Mais c'est tous les possibles en elle. Parce que Claire lui dit qu'elle aimerait que le personnage fasse-ci, fasse-ça. Elle l'a pas vécu mais elle va l'écrire. Elle sait se mettre à la place de l'autre parce qu'elle-même a vécu des choses, pas tout à fait pareil mais qui retracent une vérité qu'elle peut signifier dans son écriture. Comme un acteur quand il lit, il n'a pas vécu exactement ça mais dans sa vie il a pu jauger des endroits qui sont similaires, qui résonnent vrai.

Vous avez eu des échanges avec Claire, peut être avec Christine aussi, sur ça ? « Moi je me retrouve là-dedans, pas moi... », ça ne passe pas comme ça ?
Non.

Un beau soleil intérieur tourne en rond

 

C'est plus instinctif ?
Non. Il y a une écriture qui est là. Après moi j'en fais ce que j'en fais. C'est comme si on faisait du pain ensemble. Une produit la farine, l'autre c'est l'eau et y'a le vin. Puis on laisse reposer, ça cuit dans le four et ça doit monter. C'est toutes les étapes, ce sont des ingrédients qui doivent se connecter ensemble pour faire un film qui est un beau soufflé pour le spectateur ! (rires)

C'est utile de connaître la langue de Christine Angot pour s'approprier les dialogues ?
Non mais par contre c'est utile de s’y connecter. Et ça, c'est pas difficile parce que l'écriture est tellement claire, croustillante, alléchante, pleine de désir, d'hésitations, de volonté... On sent ce remue-ménage intérieur qui, pour ce scénario-là, est nécessaire. Il y a un besoin de vie et de vérité, de retournement de situation...

Il y a eu pas mal de rires à la projection de ce matin. Est-ce que quand vous tournez, vous y pensez ? Vous calculez cette causticité ?
Non parce qu'elle est dans l'écriture. Donc il faut jouer complètement. On aurait pu aller plus vers le comique, j'y ai pensé à un moment donné mais je trouve que ça allait, de toute façon, transpirer. Et puis quand on se jette dans une histoire d'amour, on y va vraiment comme un cœur perdu, sans penser aux conséquences, on se jette dedans. Et c'est au moment où on est dedans qu'on voit ce que ça fait comme effet. Je crois que dans ce film-là en tout cas, dans tous les films d’ailleurs, il faut se jeter dedans sans penser aux conséquences parce que comme acteur je ne peux pas être à l'extérieur et me dire « Comment elle va monter ça ? Quelle prise elle va choisir ? ». C'est compliqué ça, on est obligé de se lancer dans l'aventure en ayant un sentiment de bienveillance et que de toute façon elle choisira la bonne prise.

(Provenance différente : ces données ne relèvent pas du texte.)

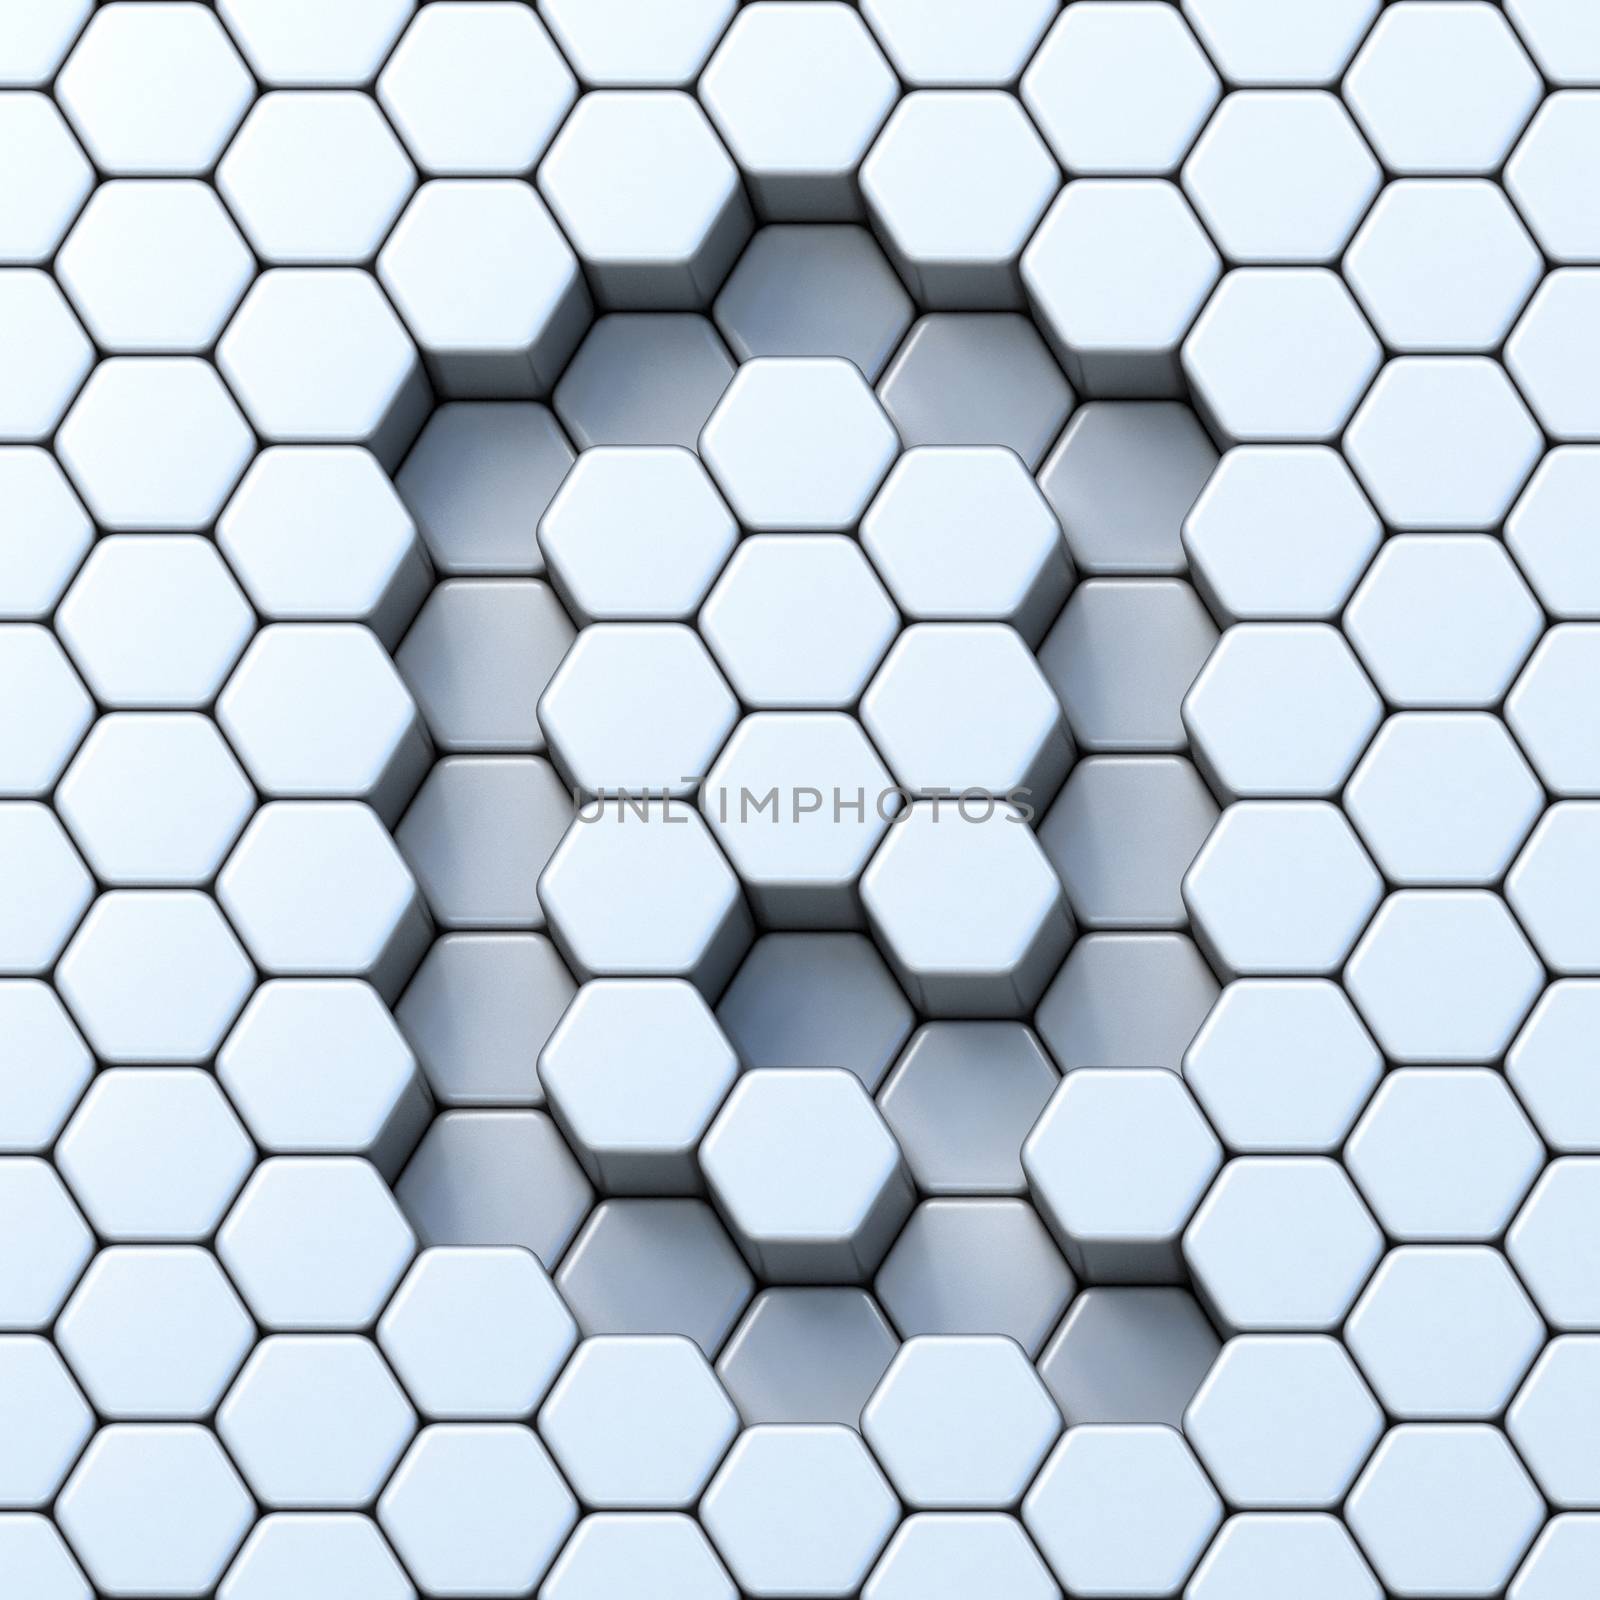 Hexagonal grid letter Q 3D render illustration

Vous étiez lectrice de Christine avant ? Vous avez des affinités avec cette littérature ?
Je pense, d'abord, d'avoir le courage de parler de choses extrêmement intimes et douloureuses, c'est un cadeau pour un lecteur et un spectateur parce qu'elle a fait cette pièce de théâtre qu'elle a adaptée sur l'histoire de l'inceste. Mais son désir de vérité, il me touche parce que je trouve qu'en tant qu'artiste on doit avoir une honnêteté par rapport à ce qu'on est. On doit être transparent et pour être transparent faut avoir le courage ou le don de se voir.